Data pre-processing is a critical phase in data mining. Data in the real world may not be perfectly collected or collated with the right purpose. There are many reasons for the collected big data to be dirty and examples of issues are: distorted images, lack of focus, image tag errors, inherent error in counting or measuring devices, external factors, etc. To address these big data issues, we identify existing work in these areas and use that to guide our proposal as presented below.
i. Data Imputation - Handle missing values
Data imputation is a procedure that aims to fill in the missing values automatically. In most cases, variables are correlated with one another and therefore, we can use variables containing values to estimate the most probable value for the variable with missing values. The presence of missing values can impact the model development process. There are various reasons leading to missing values in many datasets e.g., all the information may not be available, data could be lost, certain data could be left out for a particular reason, etc. The easiest way of dealing with missing values is to simply ignore the data sample with missing values. However, this method is impractical when the number of affected data samples is large, it can introduce bias and distortion to the data.
One of the most popularly used imputation methods in image processing is based on the k-nearest neighbor (k-NN) algorithm[35,36]. The attribute average for all samples belonging to the same class provides a good estimate. Hence, we use k-NN algorithm for image data imputation in the proposed system.
ii. Feature selection - Identify outliers and smooth out noisy data
Outliers are observations that usually appear at the maximum or minimum end of a variable's possible value range, thereby skewing or distorting the distribution. If these rare, unusual, infrequent events are not of interest, outliers usually should be removed to avoid any adverse impact on the resulting model.
Cosine similarity of the k-NN has been widely applied to detect and remove any kind of class noise. For example, the well-known Edited Nearest Neighbor (ENN) [10,37] consists of removing all data samples whose class labels do not agree with majority of their k-nearest neighbors. In [38], the authors proposed a variant of the ENN, which changes the class labels of inaccurate examples. More studies of k-NN based noise filters termed as edition-based models can be found in literature [39,40].
In addition, two new approaches to remove noisy data points for big data pre-processing were proposed in [41]. The first approach called homogeneous ensemble for big data (HME-BD) uses random forest as a single base classifier. The second approach called heterogeneous ensemble for big data (HTE-BD) uses three different classifiers: k-NN, logistic regression and random forest.

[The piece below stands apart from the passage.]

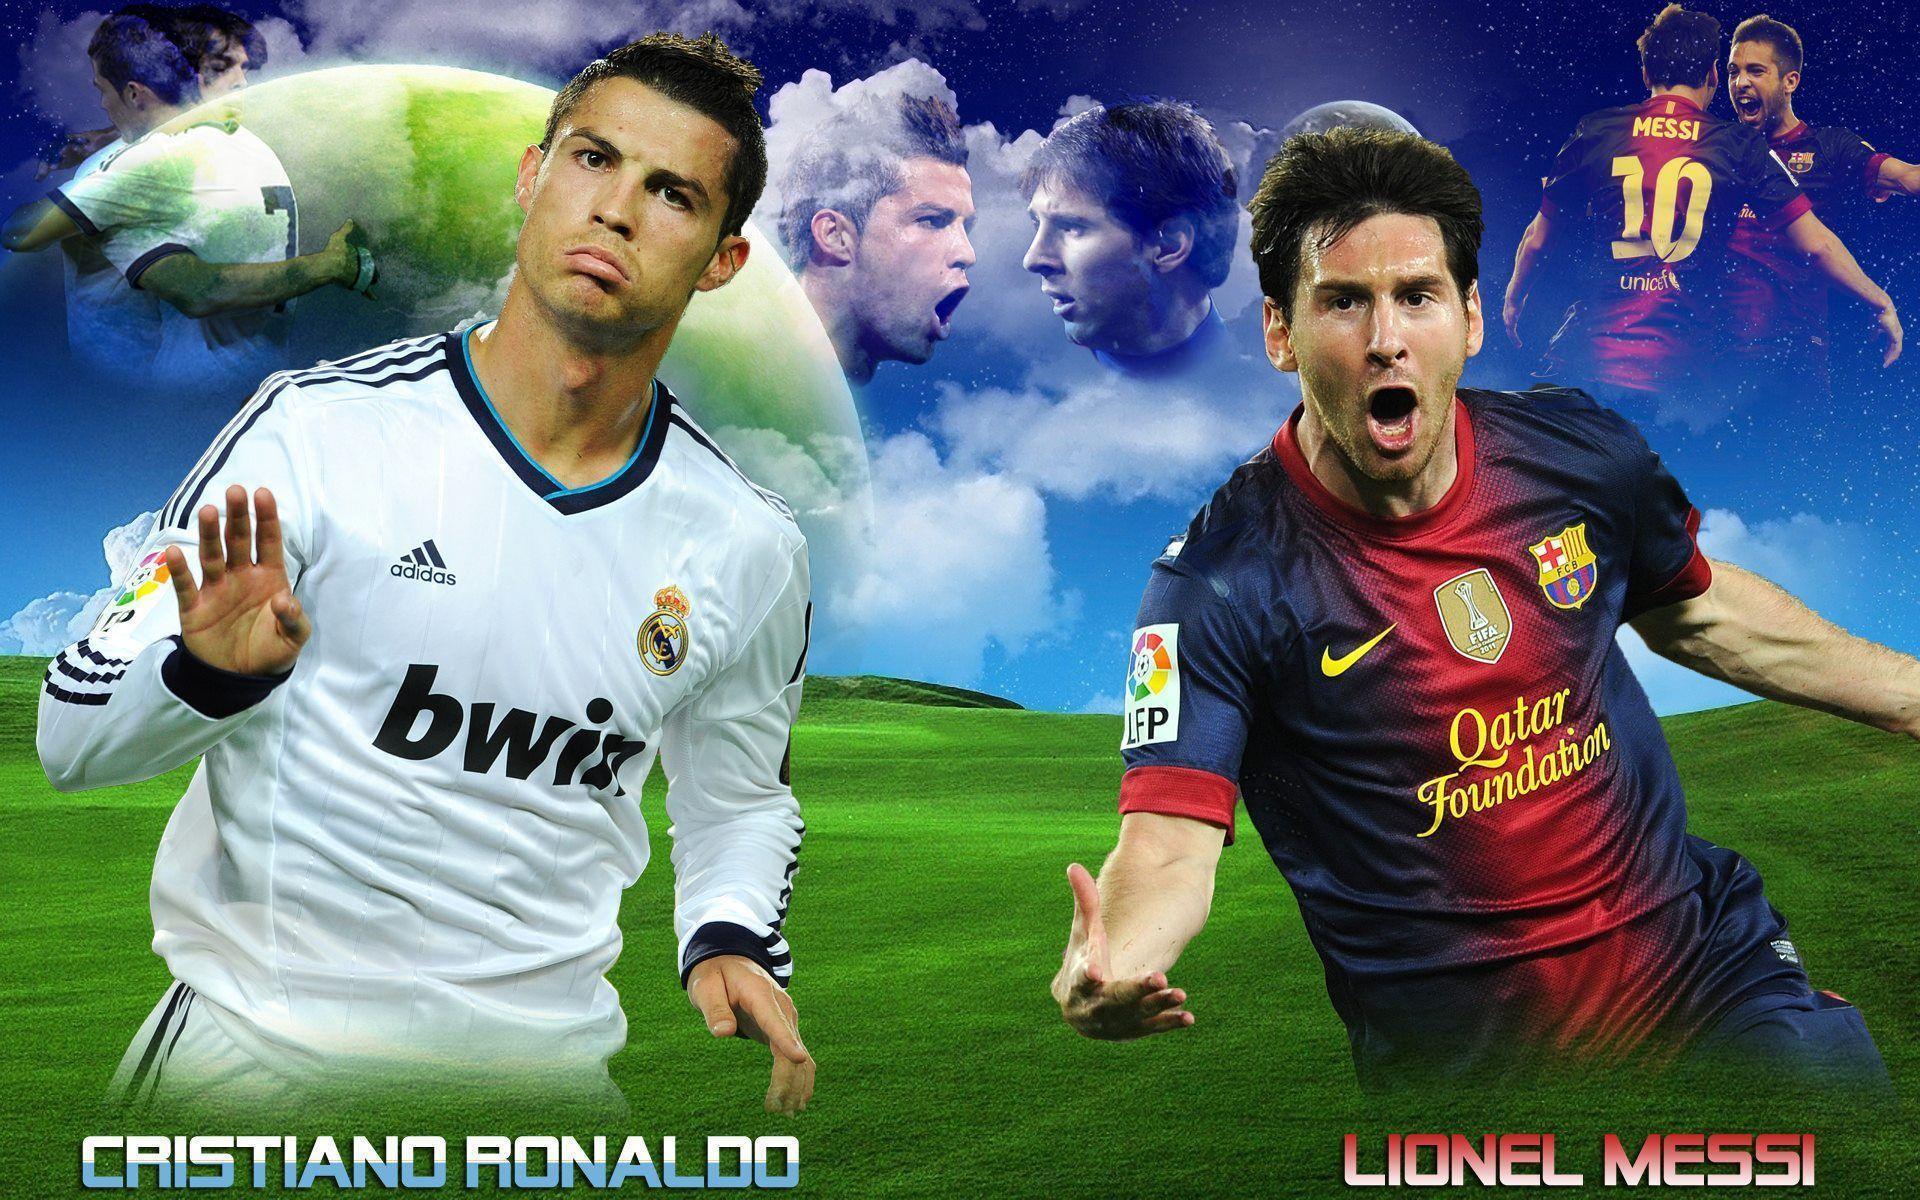 Messi Vs Ronaldo Wallpapers Top Free Messi Vs Ronaldo

Using multiple algorithms implemented in the Spark framework, the study reported that HME-BD is the best performing method overall in terms of original accuracy and computing time. Further, the number of data partitions had a low impact in the performance of their noise removal process, while the voting strategy of ensemble had a high impact in the classification performance.
Considering the abovementioned previous research literature, we decided to use Open Source Computer Vision Library (OpenCV), an open-source library that includes several hundreds of computer vision algorithms to pre-process the images before submitting the spark ML pipeline. Open CV is capable of advanced image feature engineering such as changing color spaces, morphing, blending, contouring, segmentation, and deep transformations. In this work, we consider image processing aspects that are closer to face recognition such as gradient and edge transformations, foreground extraction and facial features.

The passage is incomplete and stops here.